A few years after my ‘be still and know’ moment, I began to struggle with the multitude of changes occurring in my life. Now let me let you know I have always been a dreamer so seeking new beginnings, new adventures whether actually or simply in my head provides impetus for trying new things.
I hate being blindsided and forced to CHANGE. Perhaps, God knew that about me—OK, so God knew that about me. The physician I worked for in Bartlesville, OK gathered us all one afternoon to inform us that at the end of the month, he was closing his practice, heading to Indianapolis to do a fellowship in plastic surgery, and WELL! There we all were, open mouthed and taking deep breaths to keep from screaming…OK, I can only speak for myself, I was close to screaming.
Change that happens because I choose to change and Change that happens suddenly, capriciously may be related but they are not congenial.
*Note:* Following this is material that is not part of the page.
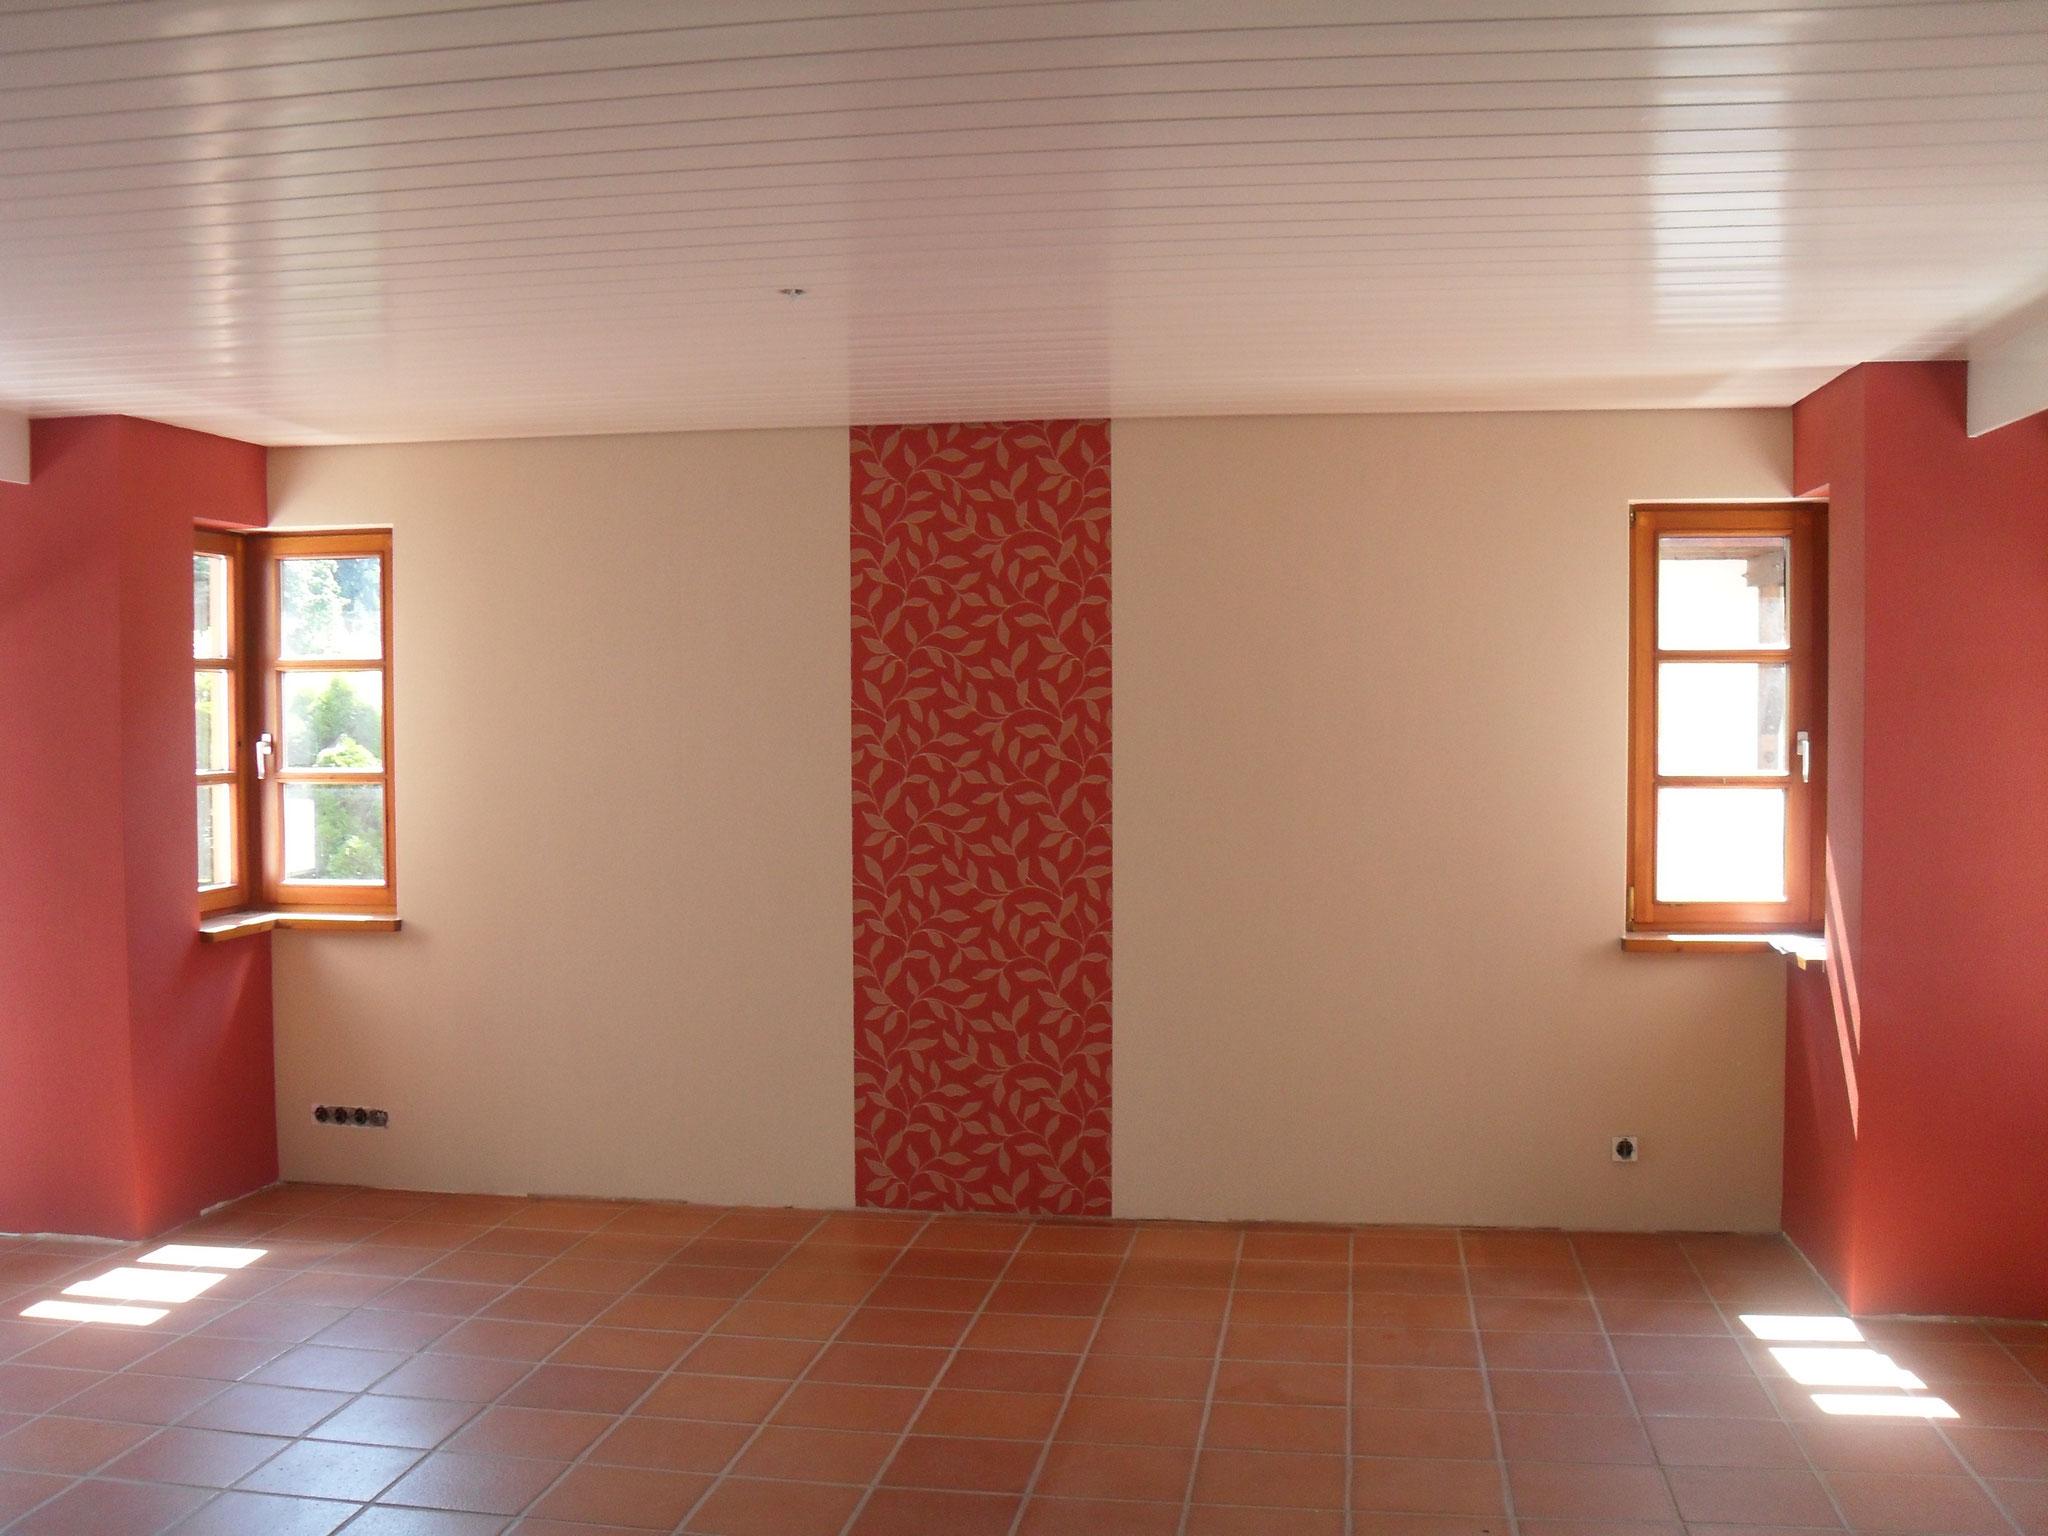 tapezieren - maler-zehnles webseite!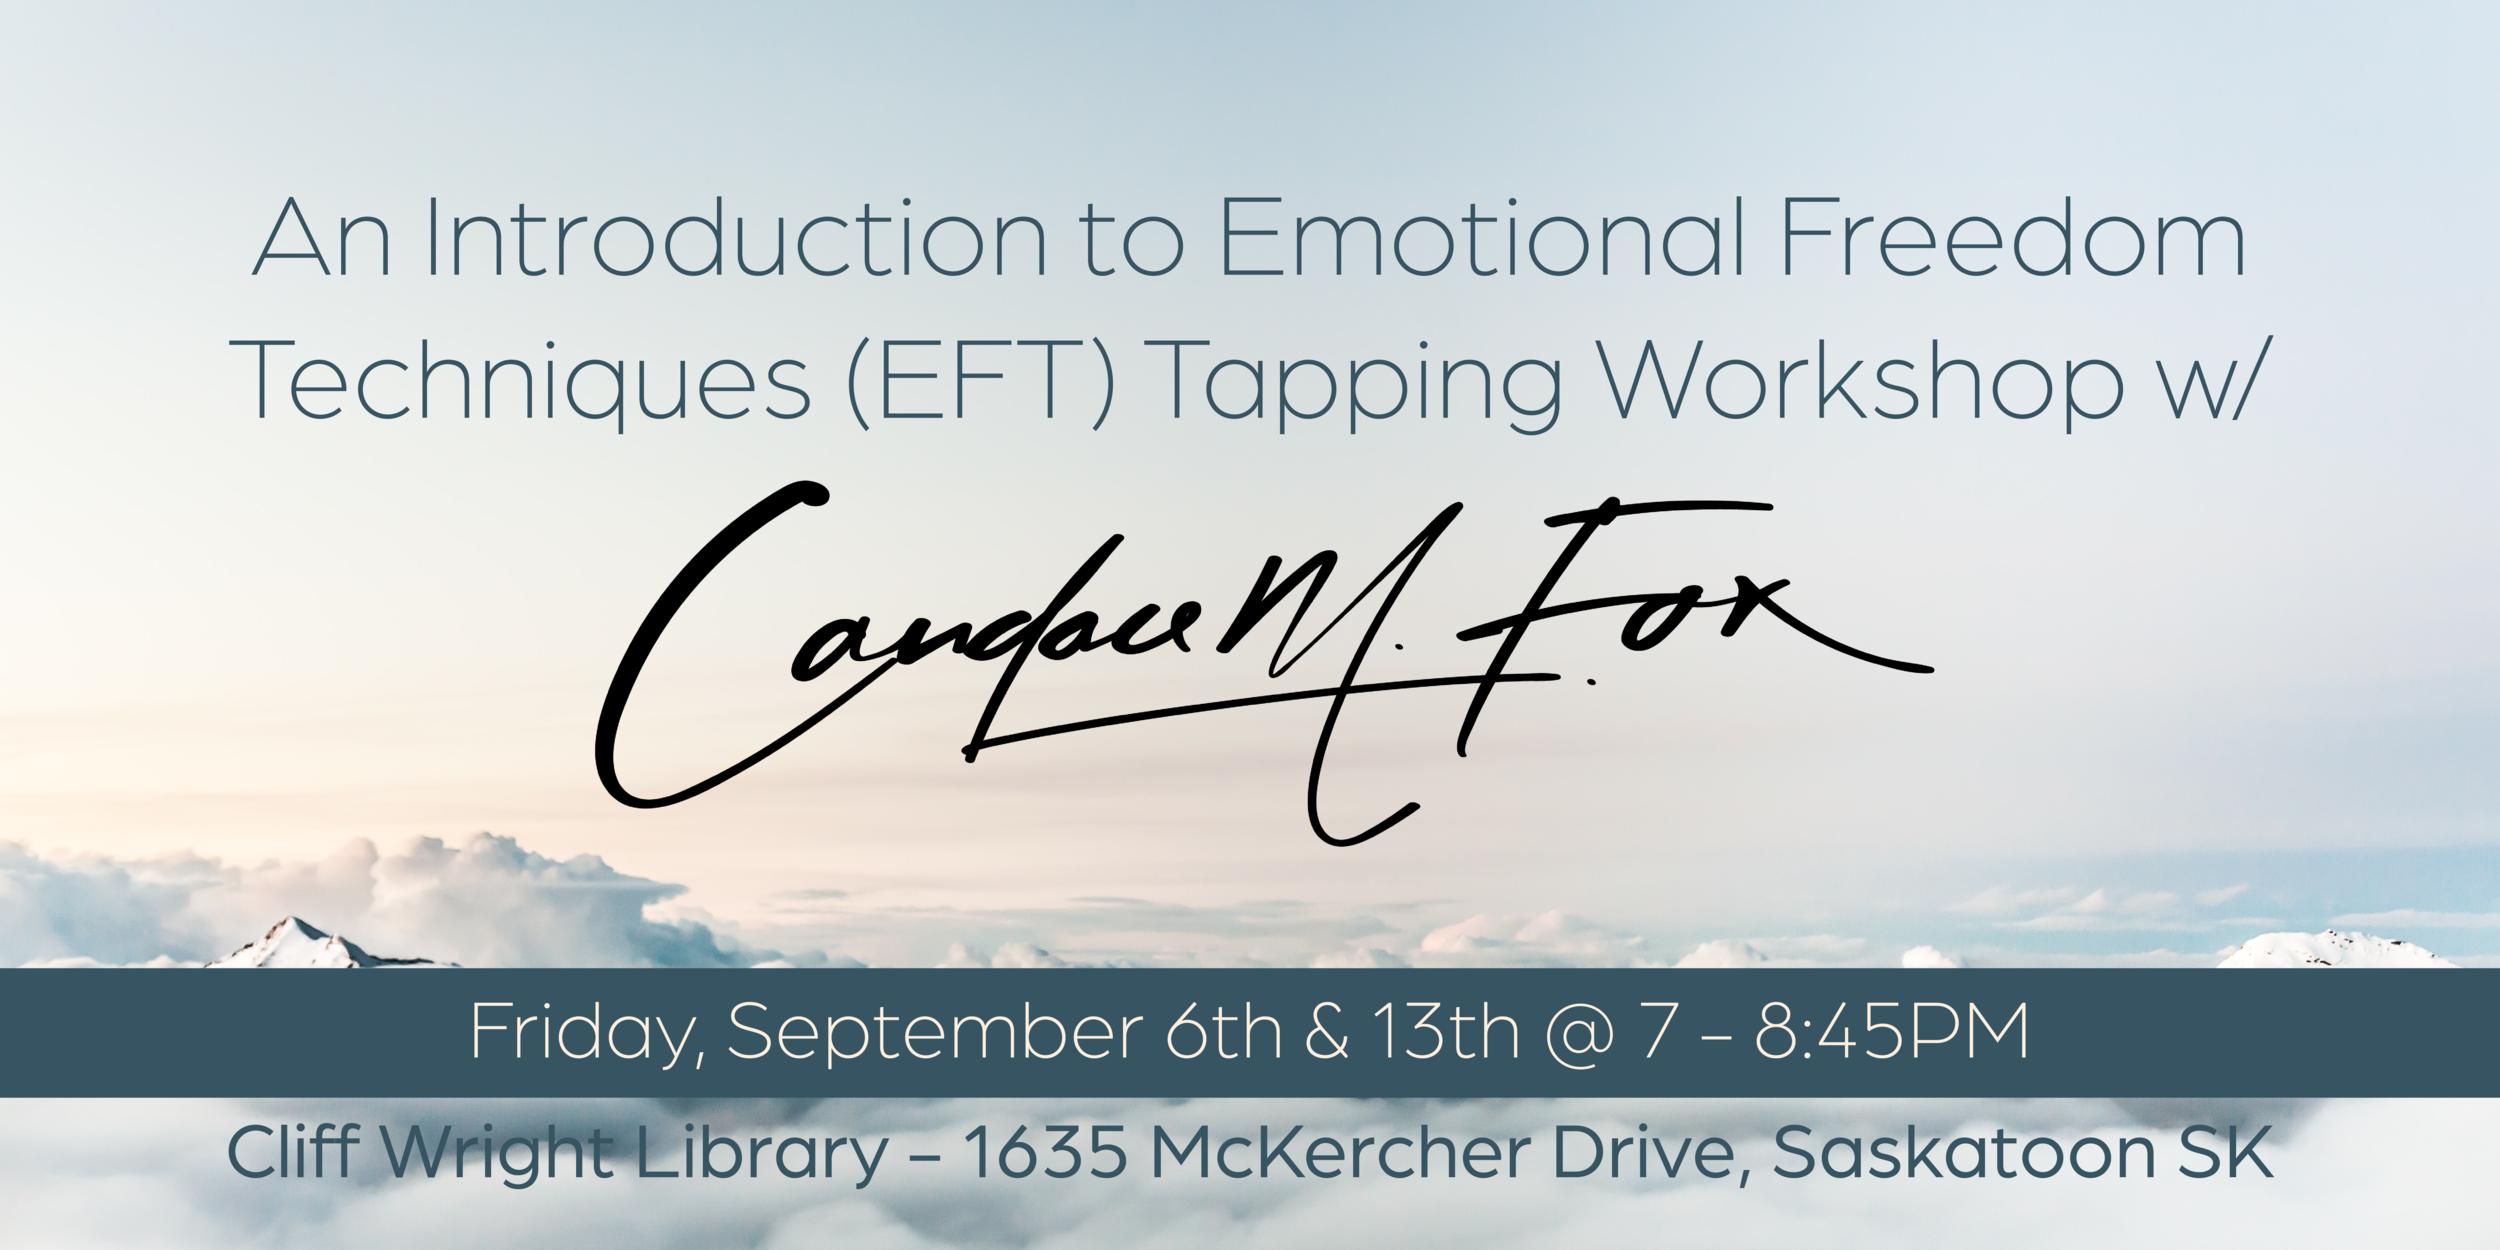 Eventbrite event poster  - EFT Tapping workshop-01.png

I had come a ways in my journey with God so after a prayerful rant on the way home from work that day, I took a breath and listened. Nope! Nada! Not a word! Tears flowed. Panic threatened. The landscape stretched out around me, flat beauty alive with May wildflowers, as a new vision filled my head. Dr. Craig hadn’t done this to me, to us. God had. Left to my own ways, all my dreams and aspirations would have stayed in my head as I settled into a comfortable job, with comfortable people, enough challenge to keep me dreaming, and no reason to fly.
S0 GOD like the eagle removed my nest. . .and I was reminded HE was holding me, my hopes, dreams, and all those I loved.
Change comes! Some of the changes associated with growing older challenge me greatly, but WHAT I DO with change, how I respond is MY choice. AS long as I realize that as I step into the precipice of the unknown, God will either ‘catch me or teach me to fly’.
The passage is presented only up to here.